We have a program with encoding and decoding capabilities. When it was initially implemented we checked ffmpeg implementation and implemented the same approach - use individual cuda context for each decoding and encoding session. This approach works fine in case of ffmpeg as user usually run several ffmpeg for different stream and it looks like nvidia driver works fine in case if multiple contexts created from different processes. In our case we have only one process and faced with the case that multiple contexts created slowly and we were not able to create more that 20 contexts in our application even on powerful GPU like Tesla P100.
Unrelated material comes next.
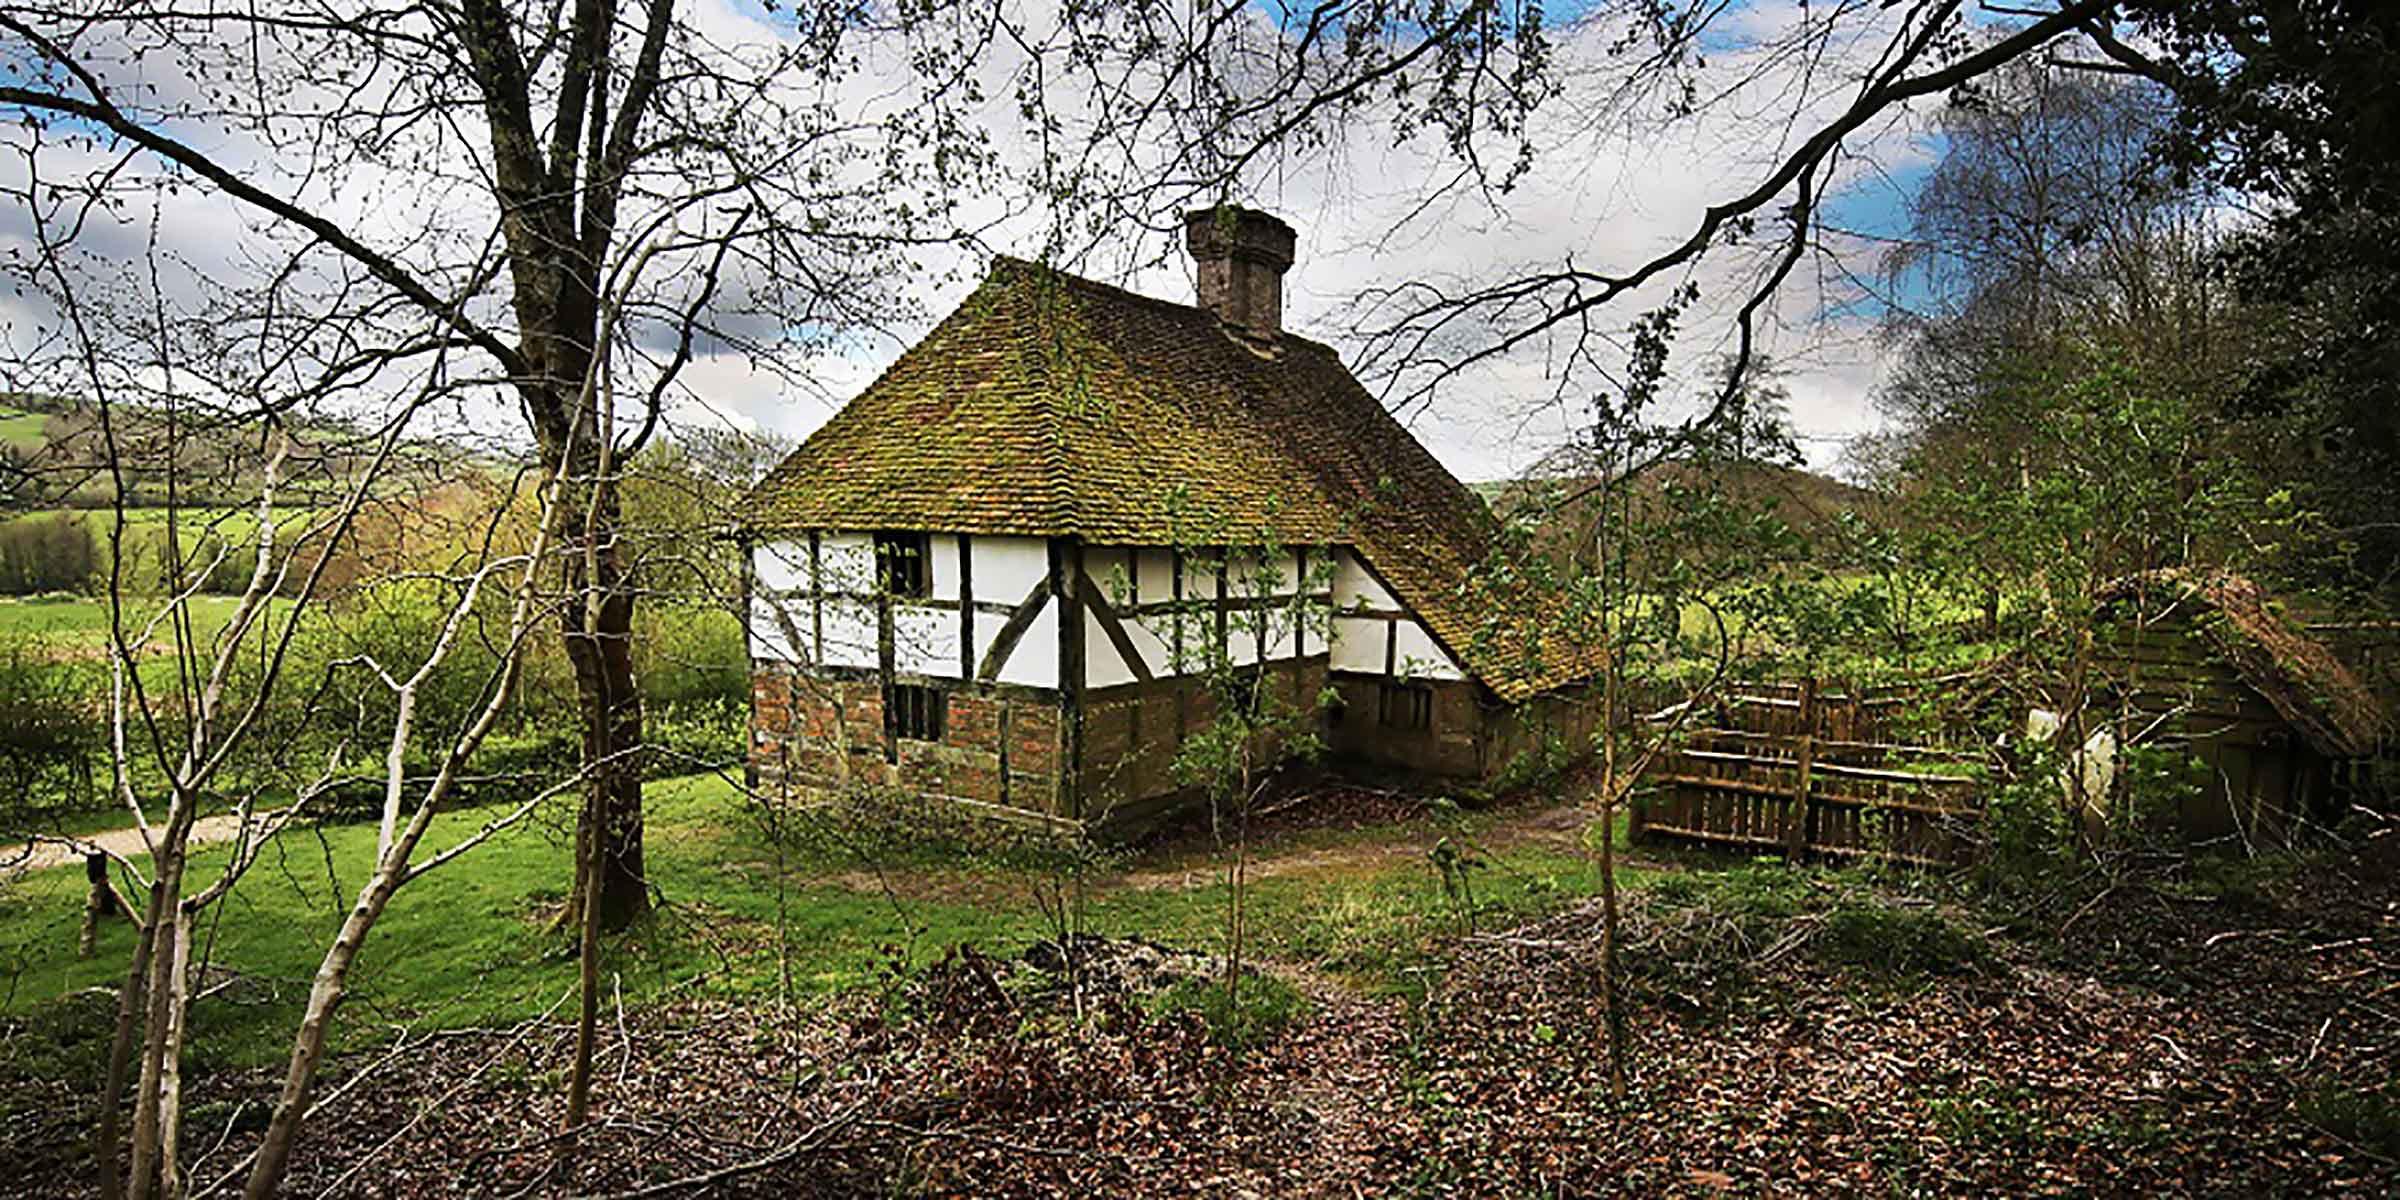 Pendean Farmhouse from Midhurst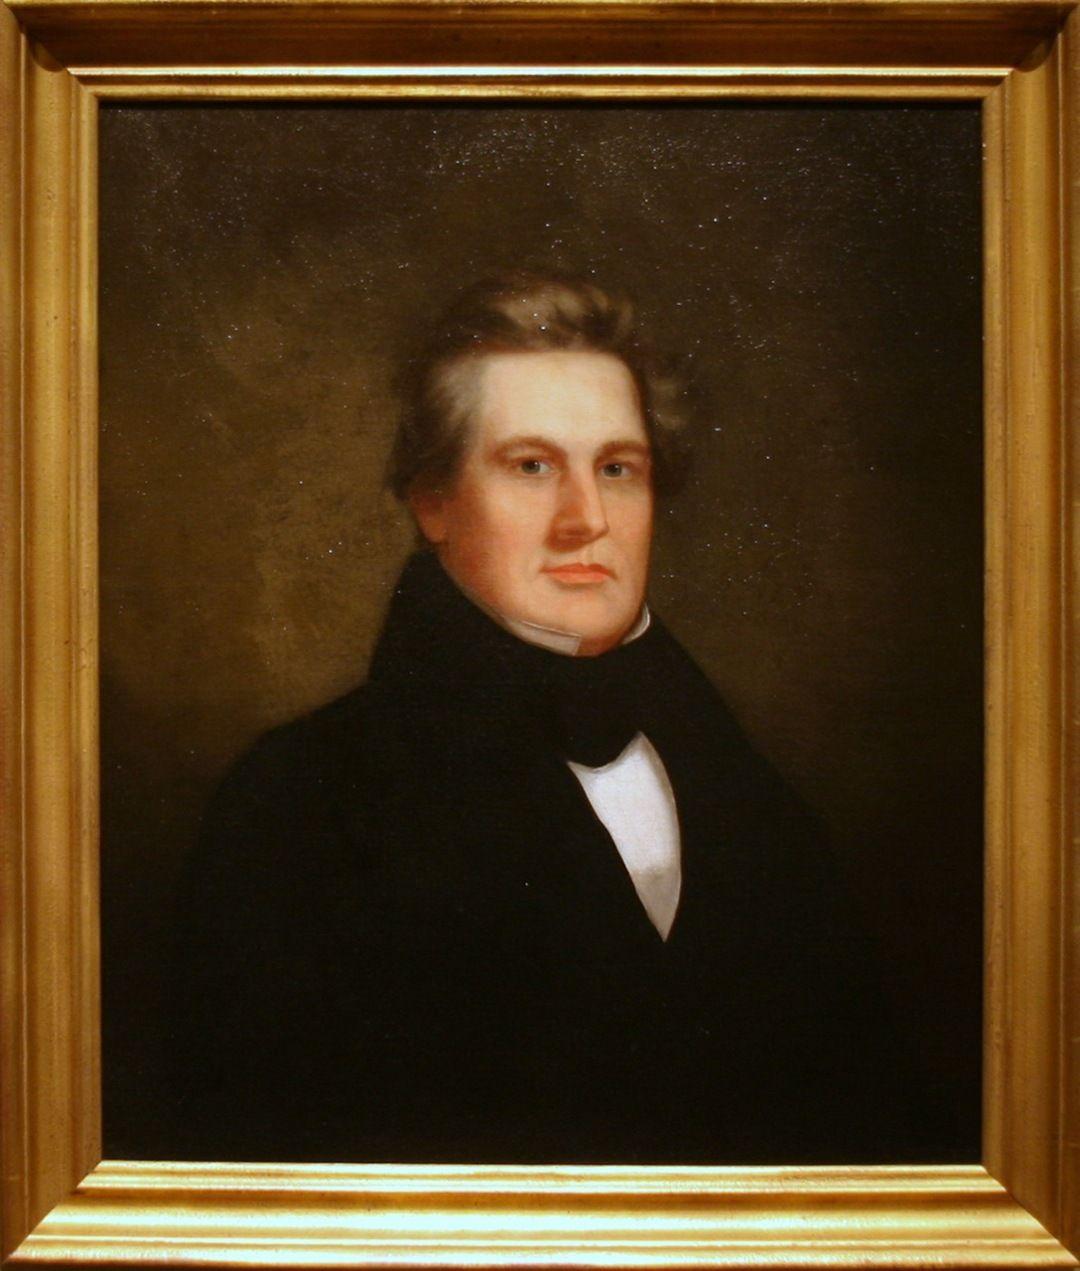 A young Millard Fillmore 13 Mr. President Millard

I checked different applications and stackoverflow posts and found that some developers use only one context for both encoding and decoding. I checked this approach and it works fine to me:
- create context cuCtxCreate
- detach context from current thread cuCtxPopCurrent
- set the context as current for every thread before use it via cuCtxSetCurrent
- use the context in all encoding and decoding thread
- use cuvidCreateDecoder to create decoder or
- use NV_ENC_OPEN_ENCODE_SESSION_EX_PARAMS.device = the_context; nvEncOpenEncodeSessionEx to create encoder.
Everything works fine and this approach looks just brilliant. I just need nvidia|experts confirmation that it’s legal approach and not a side effect. Please note that without cuCtxSetCurrent call encoder will fail on second encoder session. So this call required even though context pushed in “device” parameter of NV_ENC_OPEN_ENCODE_SESSION_EX_PARAMS during encoding session creation nvEncOpenEncodeSessionEx. So I think cuCtxSetCurrent is actually mark context as sharable because in case if we have one context-one encoding session this call not required. But I cannot find any confirmation in docs.
There are also cuvidCtxLockCreate, cuvidCtxLock, cuvidCtxUnlock functions in SDK used for “Context-locking: to facilitate multi-threaded implementations” according to description. These function are not deprecated but I don’t use them in my current implementation and everything is fine. Should I use them or cuCtxSetCurrent is enough for both encoding threads and decoding threads.
Thanks a lot !